What is Talmud Tweets?

What is Talmud Tweets? A short, personal take on a page of Talmud - every day!

For several years now, I have been following the tradition of "Daf Yomi" - reading a set page of Talmud daily. With the start of a new 7 1/2 year cycle, I thought I would share a taste of what the Talmud offers, with a bit of personal commentary included. The idea is not to give a scholarly explanation. Rather, it is for those new to Talmud to give a little taste - a tweet, as it were - of the richness of this text and dialogue it contains. The Talmud is a window into a style of thinking as well as the world as it changed over the centuries of its compilation.

These are not literal "tweets" - I don't limit myself to 140 characters. Rather, these are intended to be short, quick takes - focusing in on one part of a much richer discussion. Hopefully, I will pique your interest. As Hillel says: "Go and study it!" (Shabbat 31a)

Saturday, December 22, 2012

Shabbat 80 – Cosmetic Consequences

The Mishnah we are still discussing (from page 78b) lists minimum amounts which constitute illegal “carrying” on Shabbat.

Two items are among those discussed on this page:

Kachol – (enough) to paint one eye
Lime – (enough) to smear the smallest of girls

Kachol is an eye makeup. Perhaps Stibium (the mineral Antimony [Sb if you must know]) which was used as mascara in the ancient world. And yet, it is curious that the minimum should be sufficient to paint only one eye? Don’t most women have two? And the minimums which have been presented have had to do with usefulness. What use is mascara for only one eye?

Ah, says R. Huna: “Because modest women paint [only] one eye.” That is, they are usually veiled with only one eye revealed. And made up.

Or another solution – perhaps it was used for medicinal purposes, in which case one eye would be a reasonable minimum. And if as makeup, the minimum would be sufficient for two eyes.

Or yet another explanation:

Hillel son of R. Samuel b. Nahmani explained it: This was taught in reference to villagers.
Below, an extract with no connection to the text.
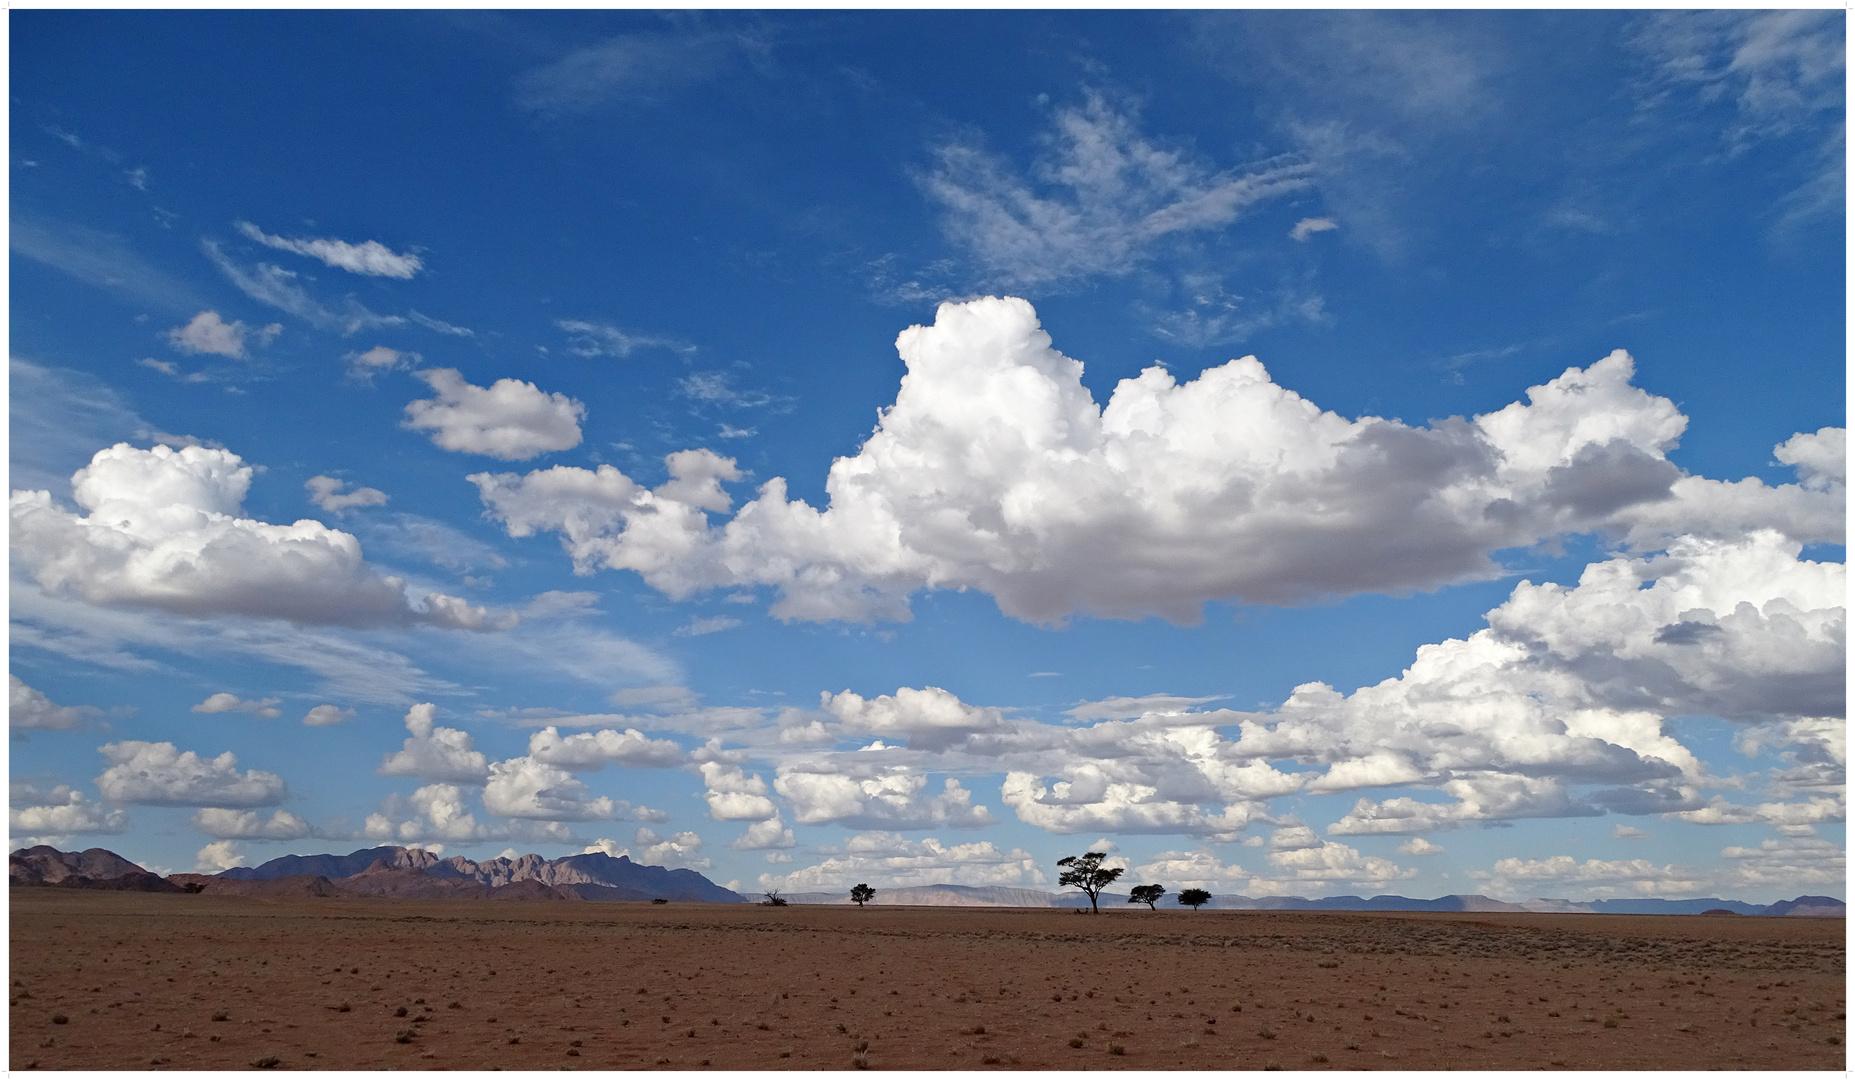 Der Himmel über der Wüste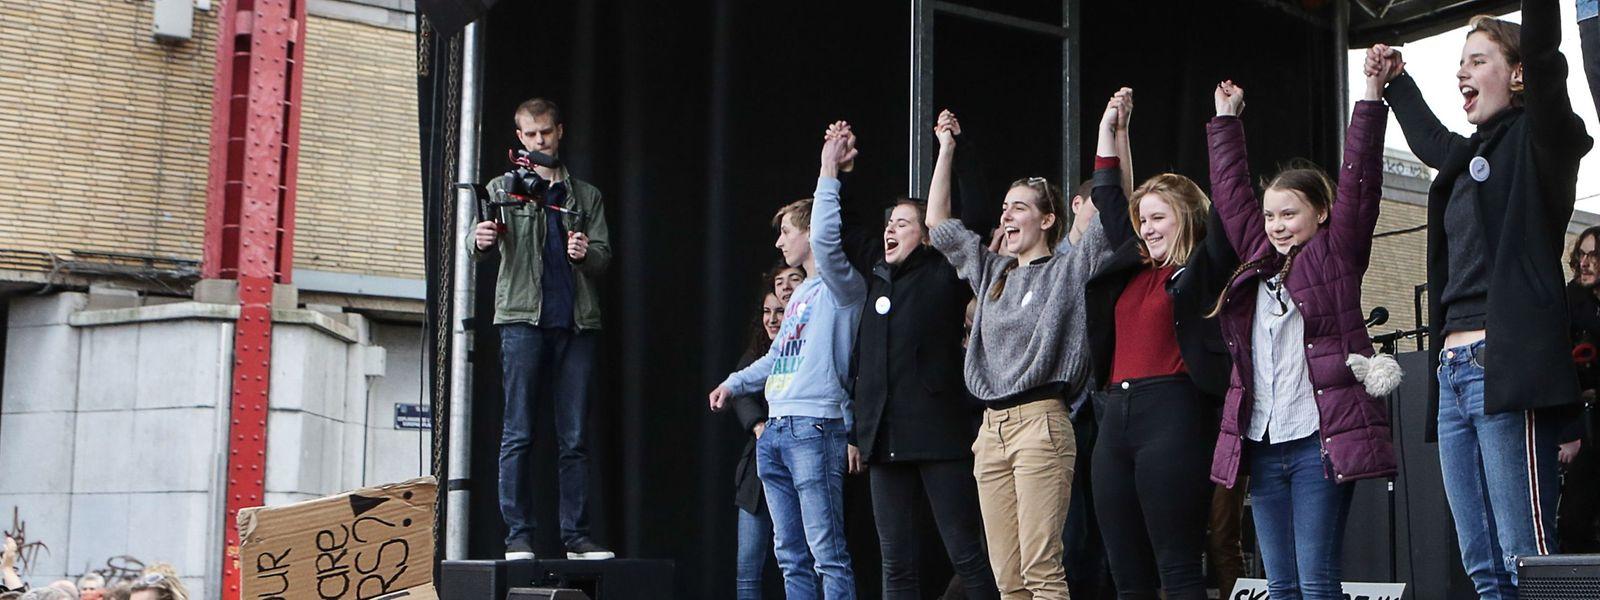 Greta Thunberg (2.v.r.) mit Unterstützern in Brüssel.

Presumably women living in the small towns were safer from prowling men and could afford to have both eyes revealed. (!)

As to Lime (CaO if you must know) – it was used as a depilatory. But best to let the rabbis speak for themselves:

Rab Judah said in Rab's name: When maidens of Israel attain puberty before the proper age: poor maidens plaster it [the unwanted hair] with lime; rich maidens plaster it with fine flour; whilst royal princesses plaster it with oil of myrrh, as it is said, “six months with oil of myrrh.” (Esth. 2:12)

After a tragic story about the dangerous overuse of such materials, the text continues:

As for R. Bibi who drank strong liquor, his daughter required pasting over; [but] as for us, who do not drink strong liquor, our daughters do not require such treatment.

So. . .don’t drink too much, or you will have hairy daughters! But if you do, their's always cosmetics.